# Invading species. com A must read.



## Ciddian (Mar 15, 2006)

Hey guys, so I was flipping through the paper as I watched the kiddo roll around and I happened upon an article in the sun. (http://www.torontosun.com/news/columnists/mike_strobel/2010/06/01/14217821.html)

I got a bit irritated with this statement.


> Aquarium fanciers and live-fish markets are the usual suspects.


Simply because it does ring a bit true. I really hope that everyone on this site is responsible and does import or keep these guys (or any invasive for that matter) Or for heavens sakes don't post about keeping them on this site. 
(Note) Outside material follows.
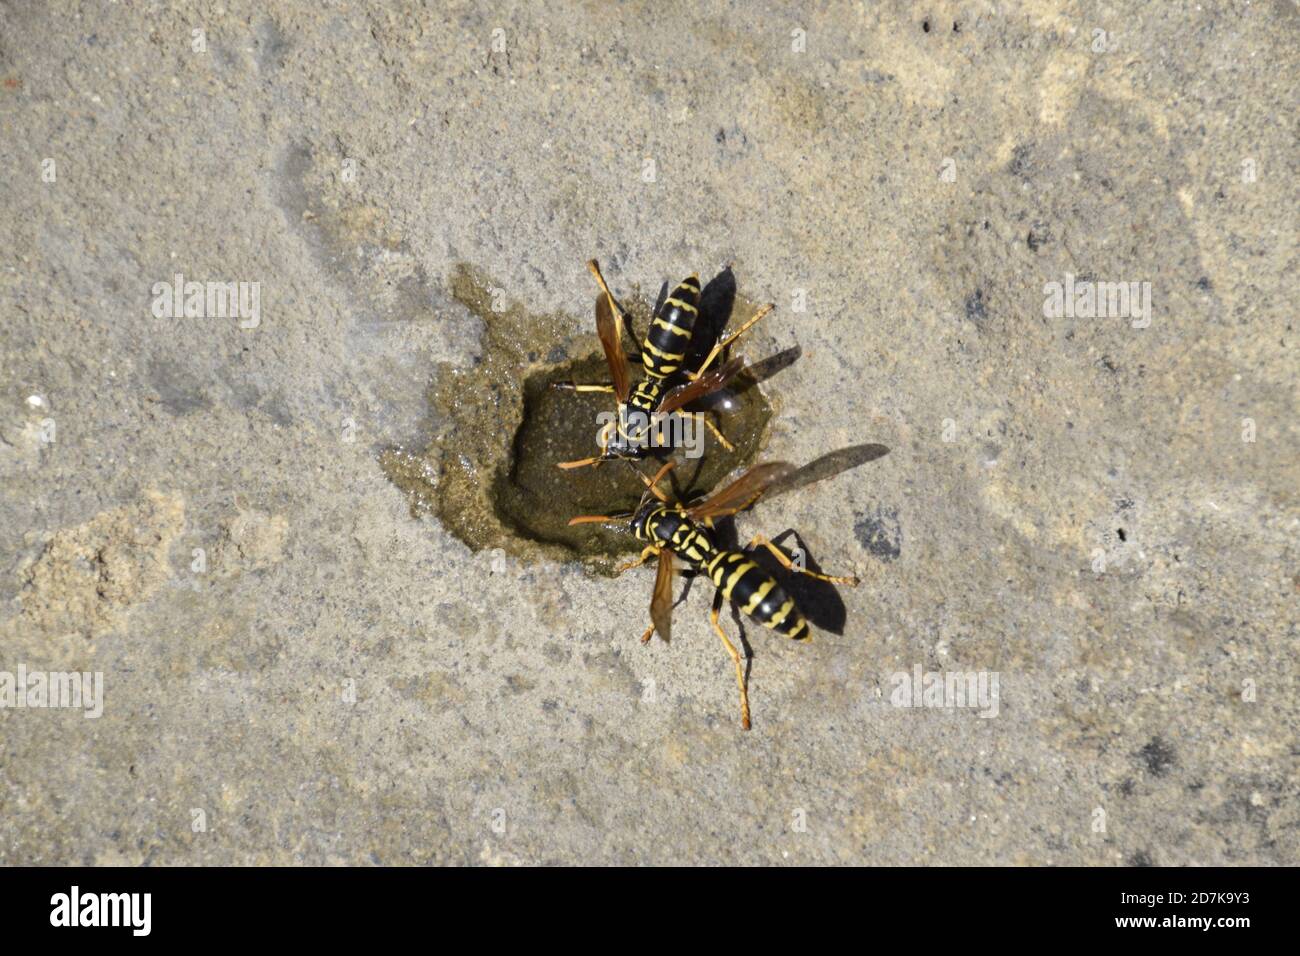 Wasps Polistes drink water. Watering in the summer heat. Stock Photo

Even thinking that you are being responsible by dumping an over grown snake head into a friends pond doesn't really help.



> The northern snakehead can survive four days out of water, thanks to a primitive lung above its gills. AND IT "WALKS" ON LAND!


I love every type of fish but the idea of these guys taking over our lakes just freaks me out.

At least we'll have something to eat the Asian carp when they get here..

So please, have a read and get informed! Save our natural eco system and keep your fishies in your tanks!

http://www.invadingspecies.com/indexen.cfm


----------



## Joeee (Apr 3, 2010)

We should all bombard his email. xD


----------



## Ciddian (Mar 15, 2006)

I am usually irritated with the guy.. LOL but I am happy he did point out the issue... Just hate to have a blanket statement.

A friend of mine mentioned that Snakeheads don't really get out and walk away unless their patch of water is drying up.. But still if they are as hardy as they say they are who knows what they might do. lol


----------



## Bebu (Jul 24, 2009)

I understand and agree TOTALLY on the ban... However, this is too extreme for me...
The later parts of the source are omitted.